*** STORED DATA Section Begins ***

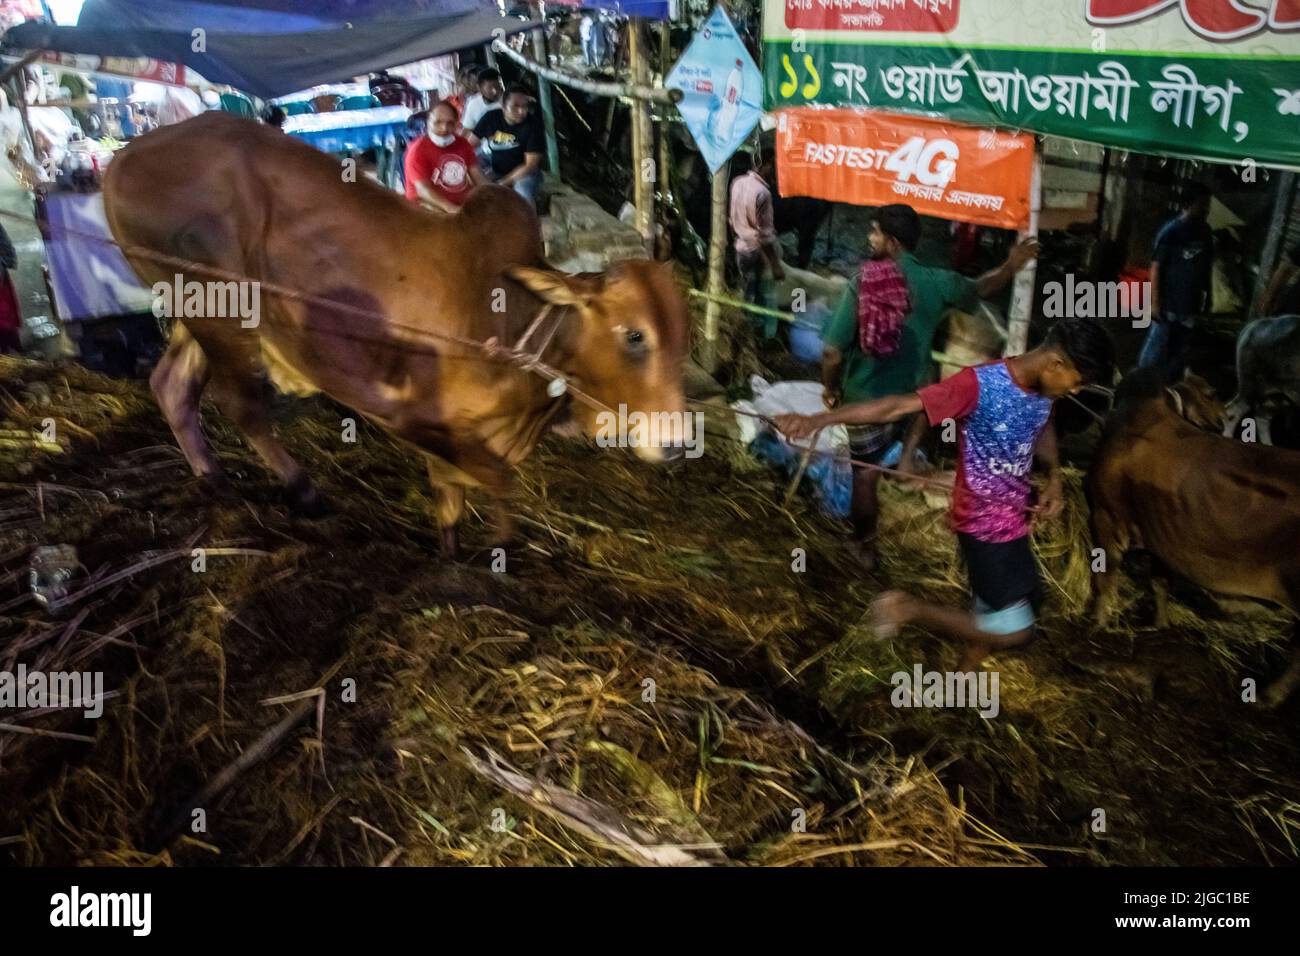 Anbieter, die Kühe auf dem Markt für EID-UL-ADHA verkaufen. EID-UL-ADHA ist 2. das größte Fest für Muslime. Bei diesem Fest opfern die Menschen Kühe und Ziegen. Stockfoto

*** STORED DATA Section Ends ***
*** STORED DATA Section Begins ***

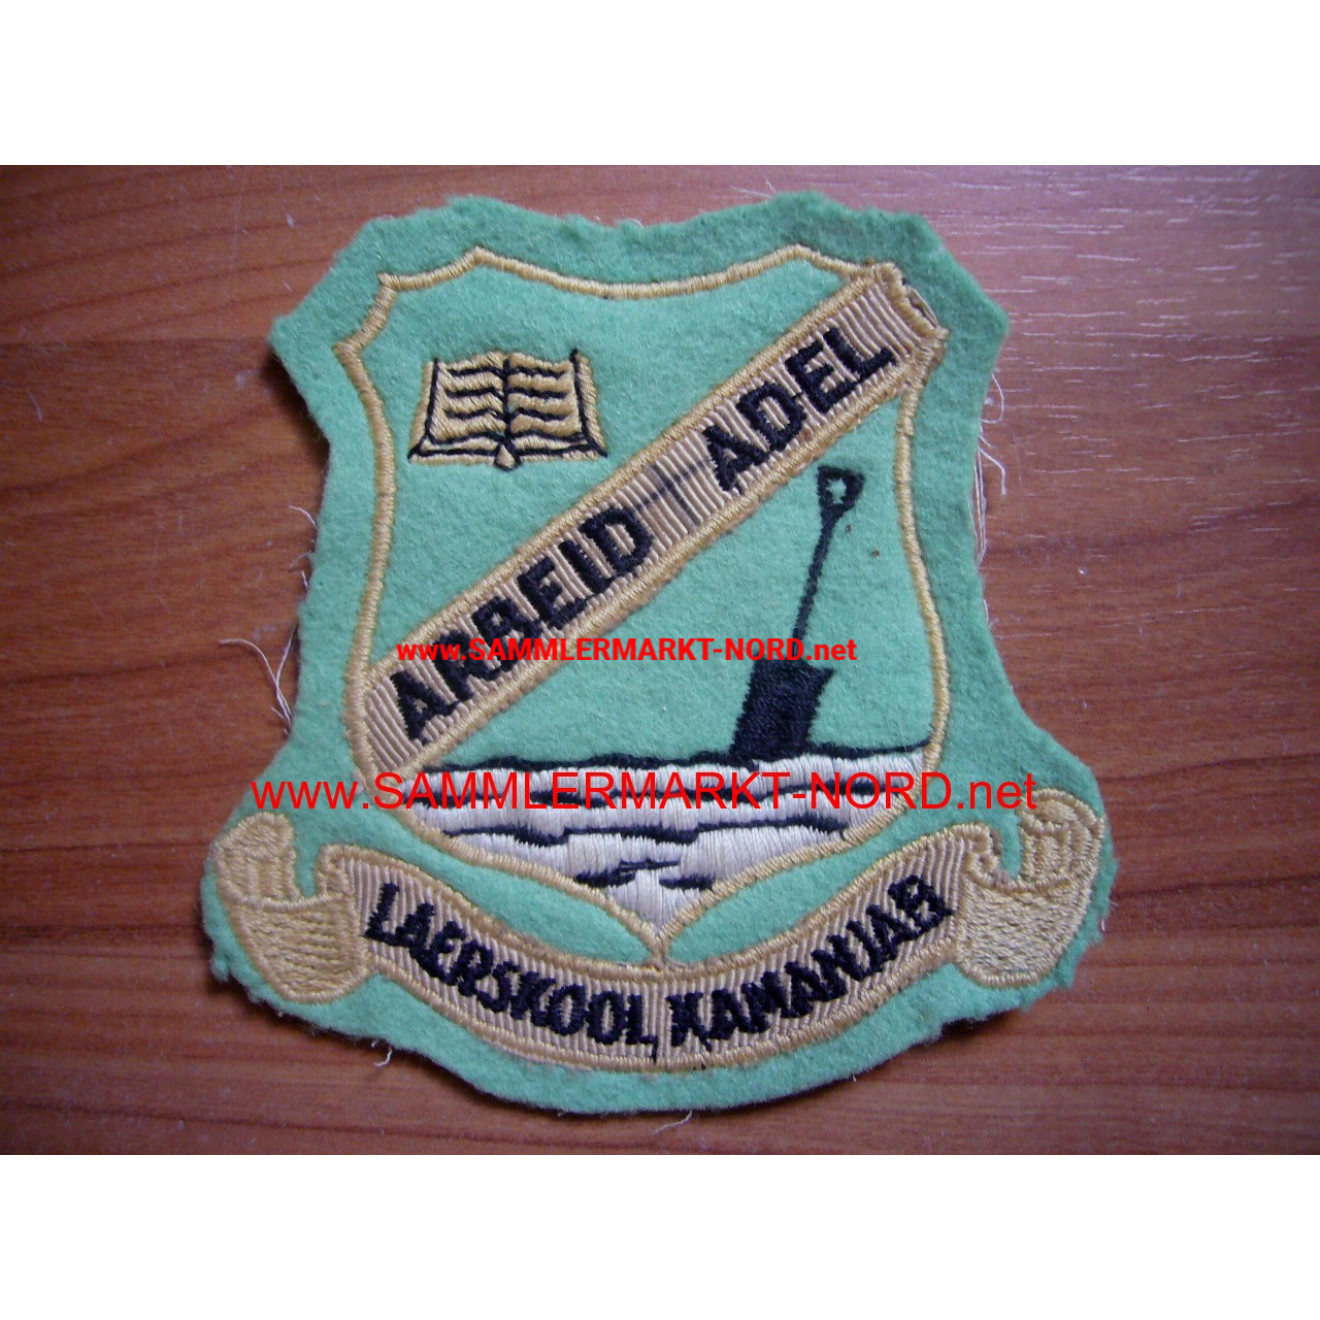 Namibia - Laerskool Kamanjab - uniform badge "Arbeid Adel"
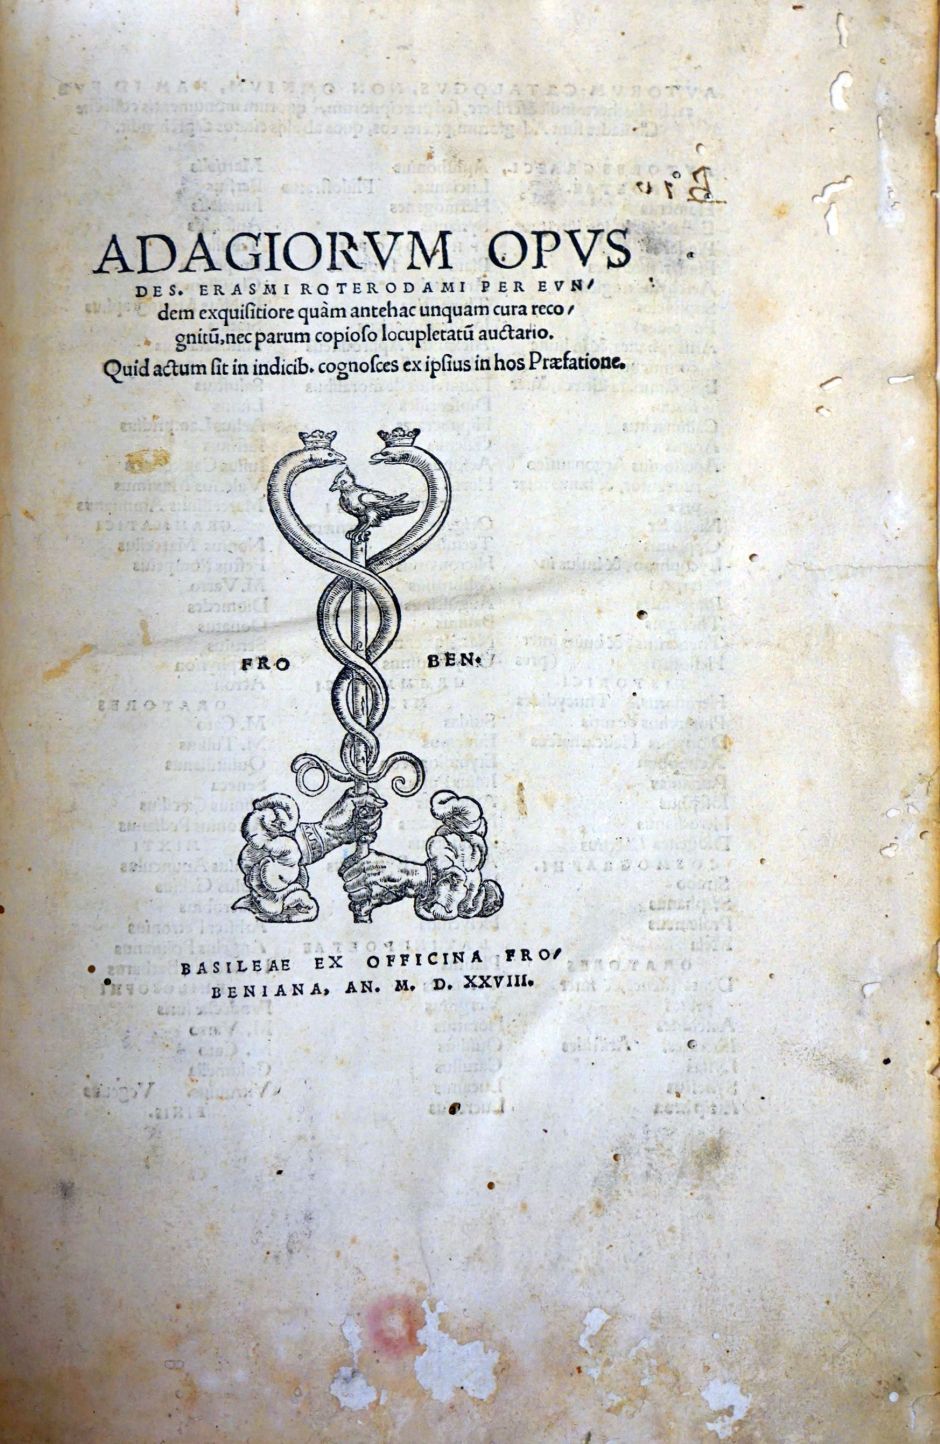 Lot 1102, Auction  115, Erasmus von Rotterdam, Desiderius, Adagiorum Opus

*** STORED DATA Section Ends ***
*** STORED DATA Section Begins ***

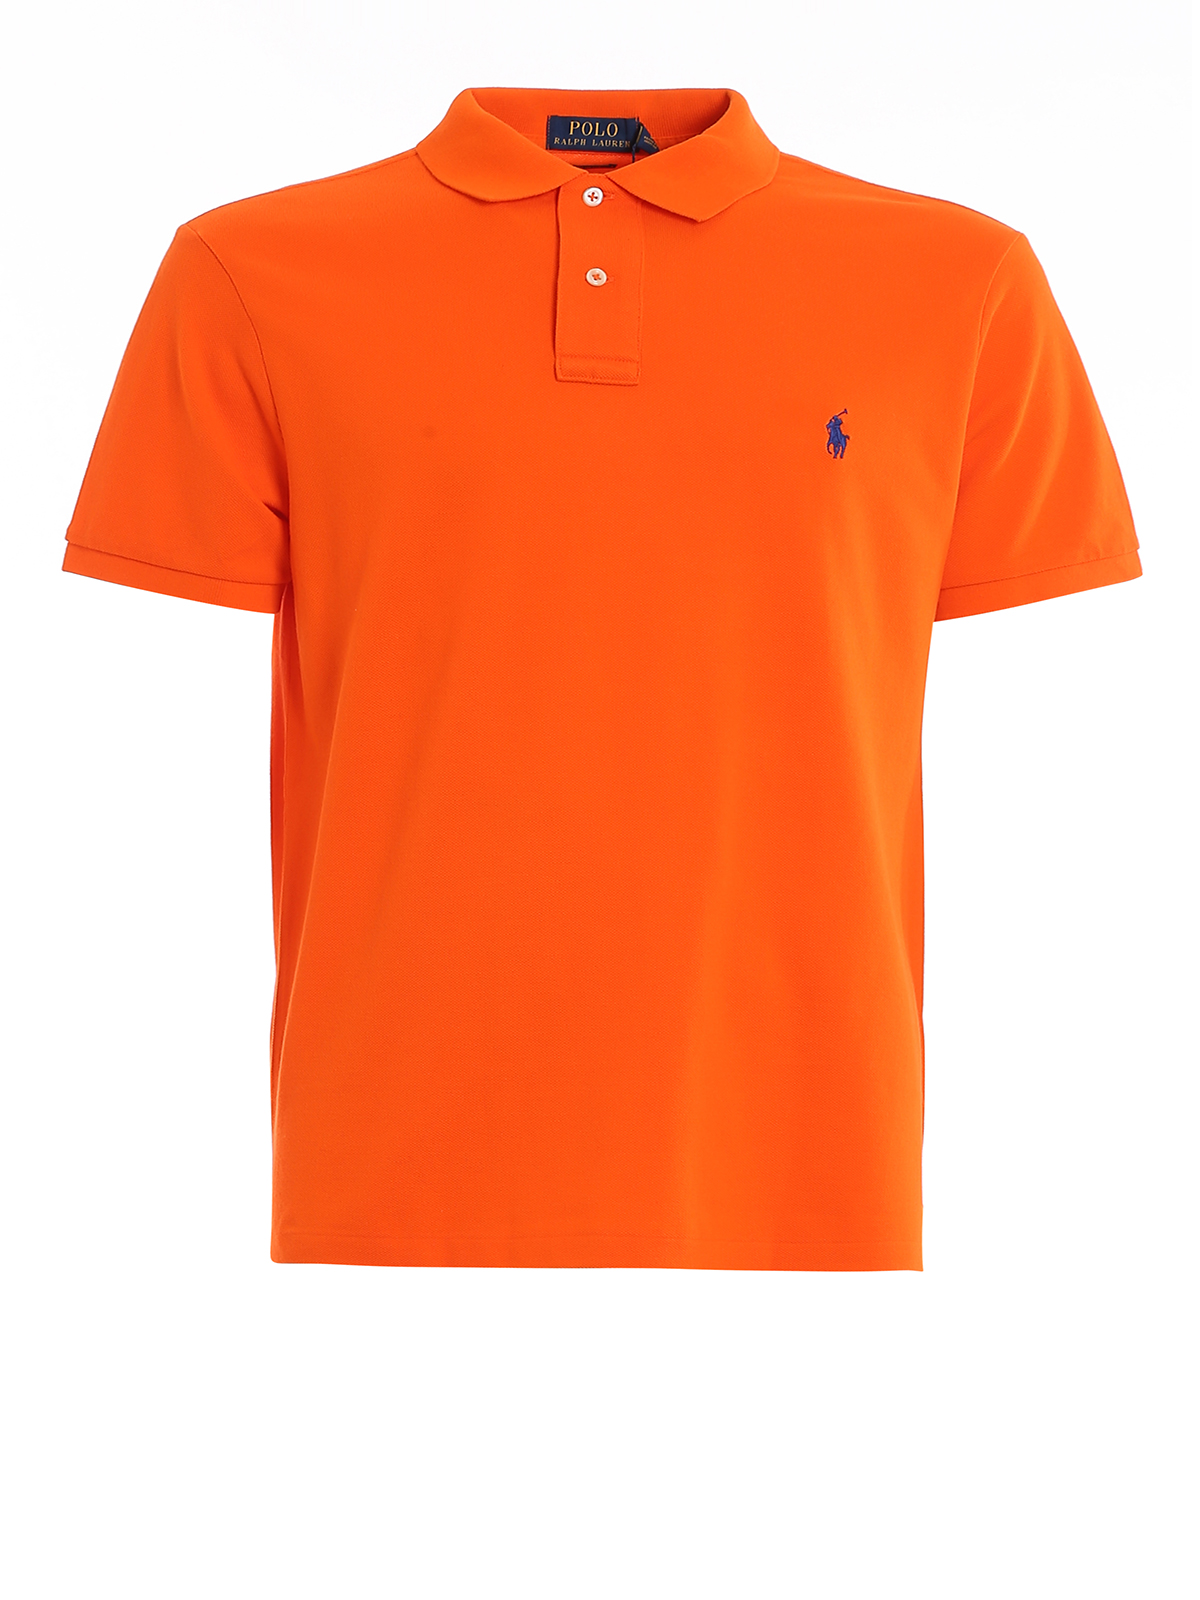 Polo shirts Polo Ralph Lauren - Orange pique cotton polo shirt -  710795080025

*** STORED DATA Section Ends ***

Restate the lines above from the one containing "Namibia - Laerskool" through the one containing "Lot 1102, Auction", inclusive, exactly and without pictures.

 Namibia - Laerskool Kamanjab - uniform badge "Arbeid Adel"
 Lot 1102, Auction  115, Erasmus von Rotterdam, Desiderius, Adagiorum Opus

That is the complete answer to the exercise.